Z Trim Sets Off My Paranoia

By Laura Moncur @ 5:00 am — Filed under:

Z Trim just sets off my paranoia.Maybe it’s because I was fed too much sorbitol as a child and dealt with the painful side-effects at the age of five. Maybe it’s because we have been promised weight loss for over fifty years with artificial sweeteners with only obesity rates rising. Whatever the reason, the minute I read this article from Slashfood, my hackles raised up.

Z Trim is being marketed as a fat replacement. It is made of oat fiber that is ground so fine that when it is reconstituted with water, it feels like creamy fat. Oat fiber, that’s a good thing, so I don’t think Z Trim is going to poison me or give me cancer, but something about it just sets off my paranoia.

Maybe it’s because they replaced the fat in the ranch dressing in Pittsburgh schools, testing it on underage children without telling them. Maybe it’s because it is being marketed in pills labeled “appetite control.” Maybe it’s because it is all being sold as a supplement, which requires less testing than a food additive would. Maybe it’s because the Z Trim website is so greenwashed that you can’t help but notice the huge shafts of wheat and the white-washed farm in the background. It all smacks of deception to me.

Whatever the reason, I’m not buying it. I was told too many times that if I drank sacchrine-laced soda, I would get thinner. I’m not about to believe that any fake fat is going to make me thinner. The only thing that ever made me thinner was eating whole, fresh food every two hours. I’ve had it with fake food.

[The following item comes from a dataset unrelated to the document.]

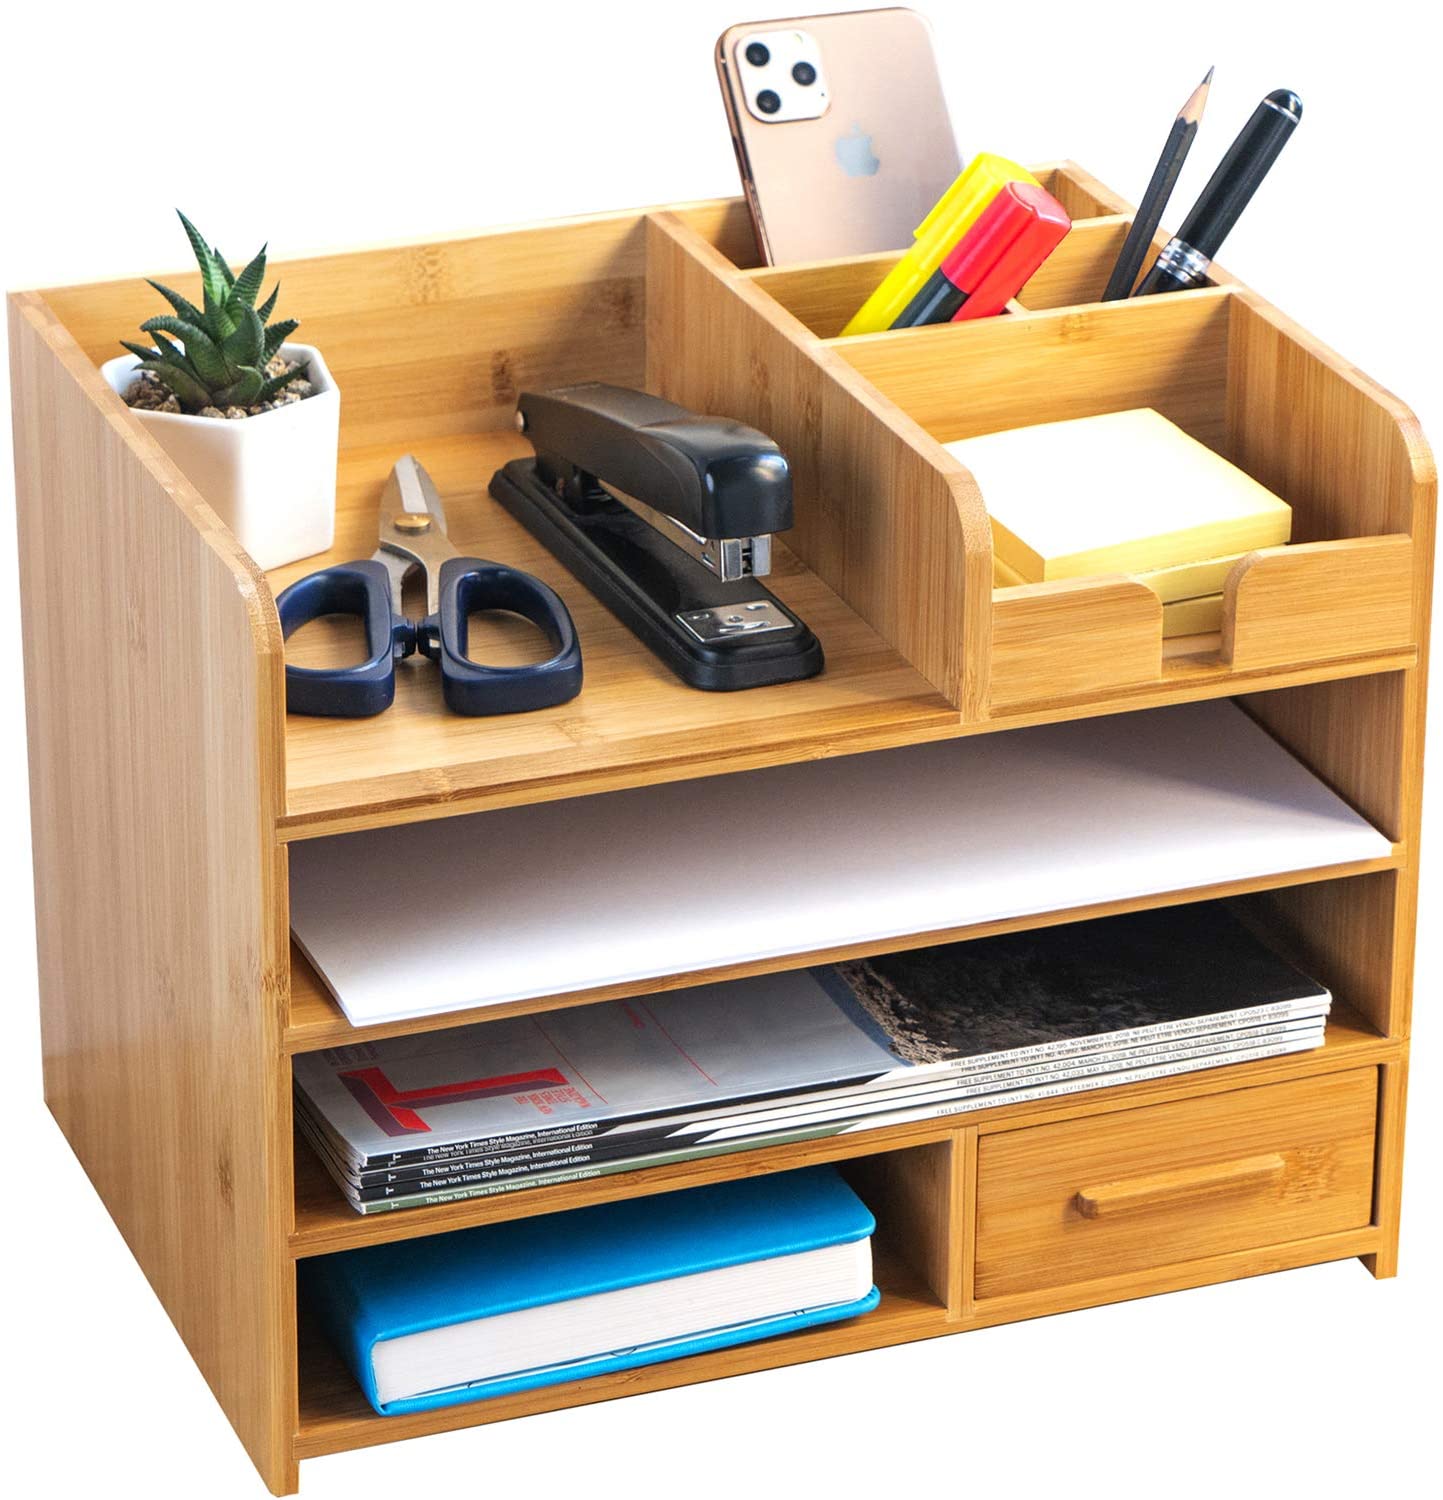 NEOLETEX Desk Organizer Tray And Shelf

8 Responses to “Z Trim Sets Off My Paranoia”

  1. Ashley Says:


  2. iportion Says:

    I am not aginst fat subsitutes but the the whole marketing of supplements get on my nerves.

  3. Georgia Says:

    Oat and corn fiber mixed w/water? I don’t see what the paranoia’s about. There’s nothing artificial in it and it actually provides more fiber. It’s so simple that it’s incredible no one has thought of it before.

  4. Jim Says:

    I have visited their plant, seen their production, heard their plans and listened to their people who have developed this product. I am as cynical as the next guy but my family and I have now been using the product for nearly a month and I am still looking for a downside. It is too bad that you cannot even see your way clear to give a product like this a chance to prove itself before you pre-judge it.

  5. Tia Says:

    OK, that’s wasn’t a clinical test in the PA schools, it was a school messing around with existing recipes to try to make something healthier because when they tried fat-free salad dressings the kids quit eating the salads. OI! This isn’t a drug, there’s no medications in it. The ingredients are “Water and Bran Fiber (From Corn, oat, or soy)”… ummm. what’s to be paranoid about?

  6. Maureen Says:

    Z Trim is not fake food – the inventors of Z Trim – the USDA – was probably sick of fake food too. The USDA discovered a way of using Corn and Oat fiber (natural foods) that could be used in a recipe to cut down on the fat while maintaining its taste. It’s a way of having more fiber and less fat. The fiber makes you feel fuller and you tend to eat less – artificial sweetners never did that. The product is good – give it a try.

  7. JoeSkeptic Says:

    These people have been trying to peddle this stuff for about 4 years and last year was able to sell a little more than $100,000 worth of it. While I doubt there’s any harm in it, I don’t see the world beating a path to the door.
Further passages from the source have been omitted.